You are given a perfect binary tree where all leaves are on the same level, and every parent has two children. The binary tree has the following definition:

struct Node {
  int val;
  Node *left;
  Node *right;
  Node *next;
}

Populate each next pointer to point to its next right node. If there is no next right node, the next pointer should be set to NULL.

Initially, all next pointers are set to NULL.

Examples

Example 1:

Input: root = [1,2,3,4,5,6,7]
Output: [1,#,2,3,#,4,5,6,7,#]
Explanation: Given the above perfect binary tree (Figure A), your function should populate each next pointer to point to its next right node, just like in Figure B. The serialized output is in level order as connected by the next pointers, with '#' signifying the end of each level.

Follow up

  • You may only use constant extra space.
  • The recursive approach is fine. You may assume implicit stack space does not count as extra space for this problem.

Solution

Method 1 - BFS OR Level Order Traversal

We are traversing tree level by level using q.size(). Before that we set rightNode as null. Also, we are doing BFS from right to left.

Code

Java
public Node connect(Node root) {
	if(root == null) return null;
	Queue<Node> q = new LinkedList<>();
	q.offer(root);
	while(!q.isEmpty()) {
		Node rightNode = null;
		for(int i = q.size(); i > 0; i--) {
			Node cur = q.poll();
			cur.next = rightNode;
			rightNode = cur;
			if(cur.right != null) {
				q.offer(cur.right);
				q.offer(cur.left);
			}
		}
	}
	return root;        
}

Complexity

  • Time Complexity - O(n)
  • Space Complexity - O(n) (for queue) But this solution uses memory as recursive solution doesnt.
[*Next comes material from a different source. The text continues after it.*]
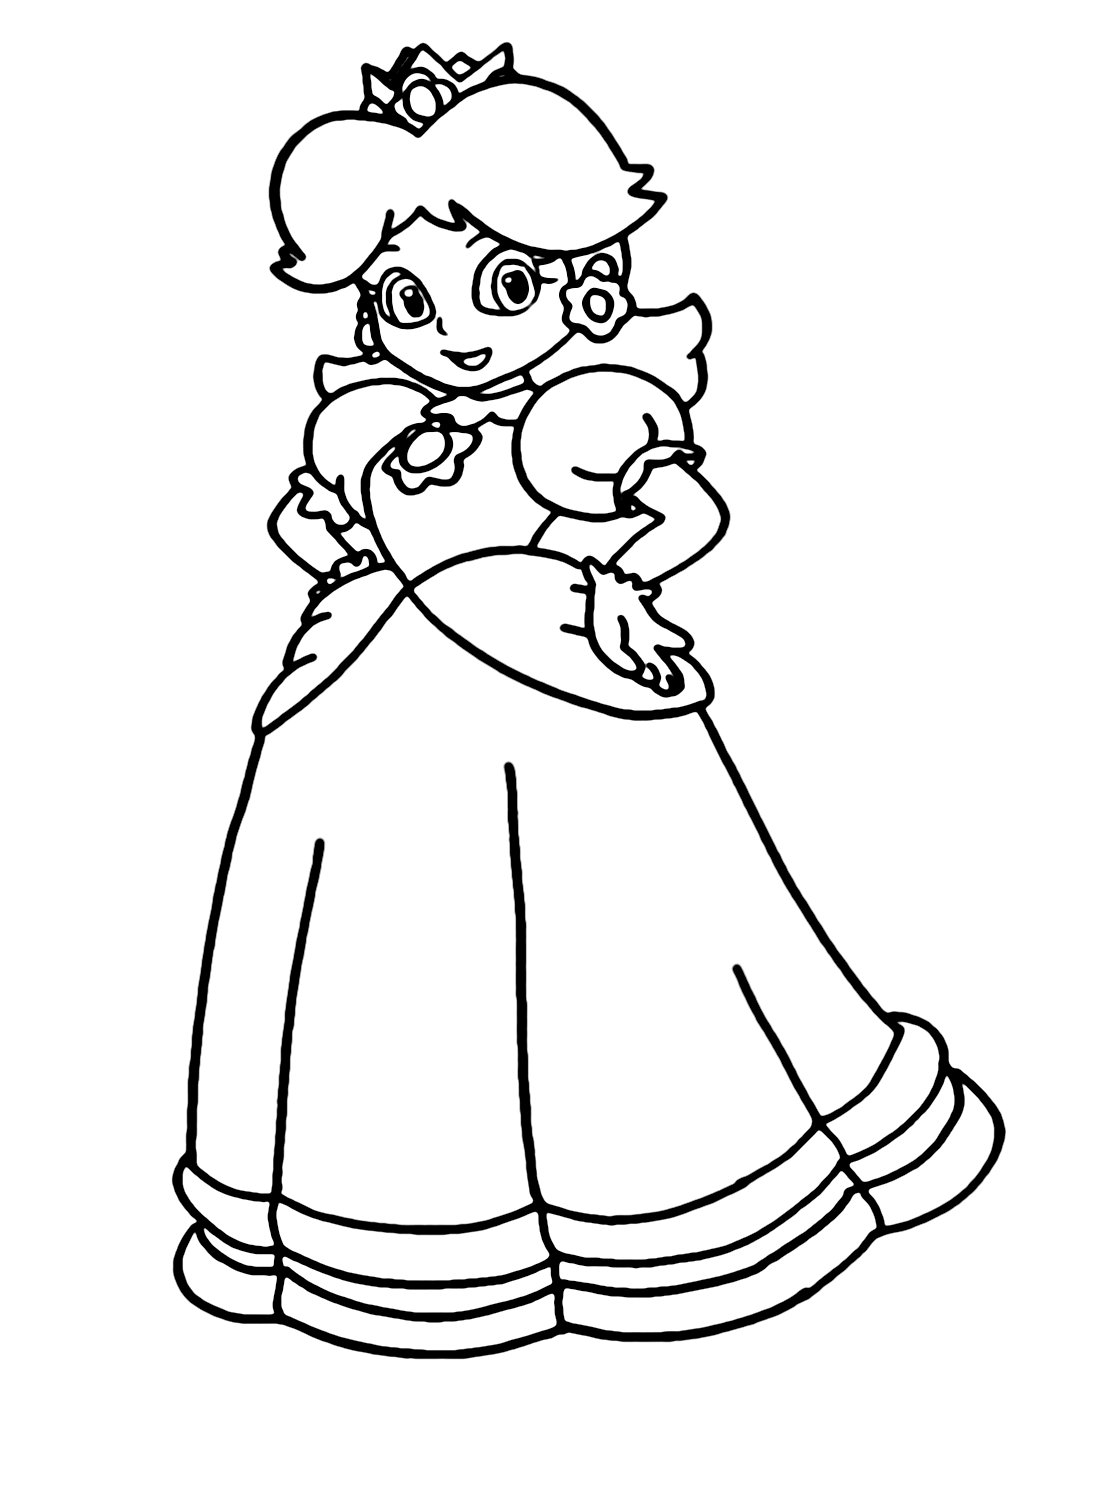 Prinzessin Daisy Mario Bros. von Prinzessin Daisy

So, lets see another solution.

Method 2 - Recursive DFS

To solve follow up question, we need to use recursion and dfs.

Code

Java
public Node connect(Node root) {
	dfs(root, null);        
	return root;
}

private void dfs(Node curr, Node next) {
	if (curr == null) return;
	curr.next = next;
	dfs(curr.left, curr.right);
	dfs(curr.right, curr.next == null ? null : curr.next.left);
}

Without helper function:

public Node connect(Node root) {
	if (root == null || root.left == null || root.right == null) {
		return;
	}

	root.left.next = root.right;
	root.right.next = root.next == null ? null : root.next.left;

	connect(root.left);
	connect(root.right);
	return root;
}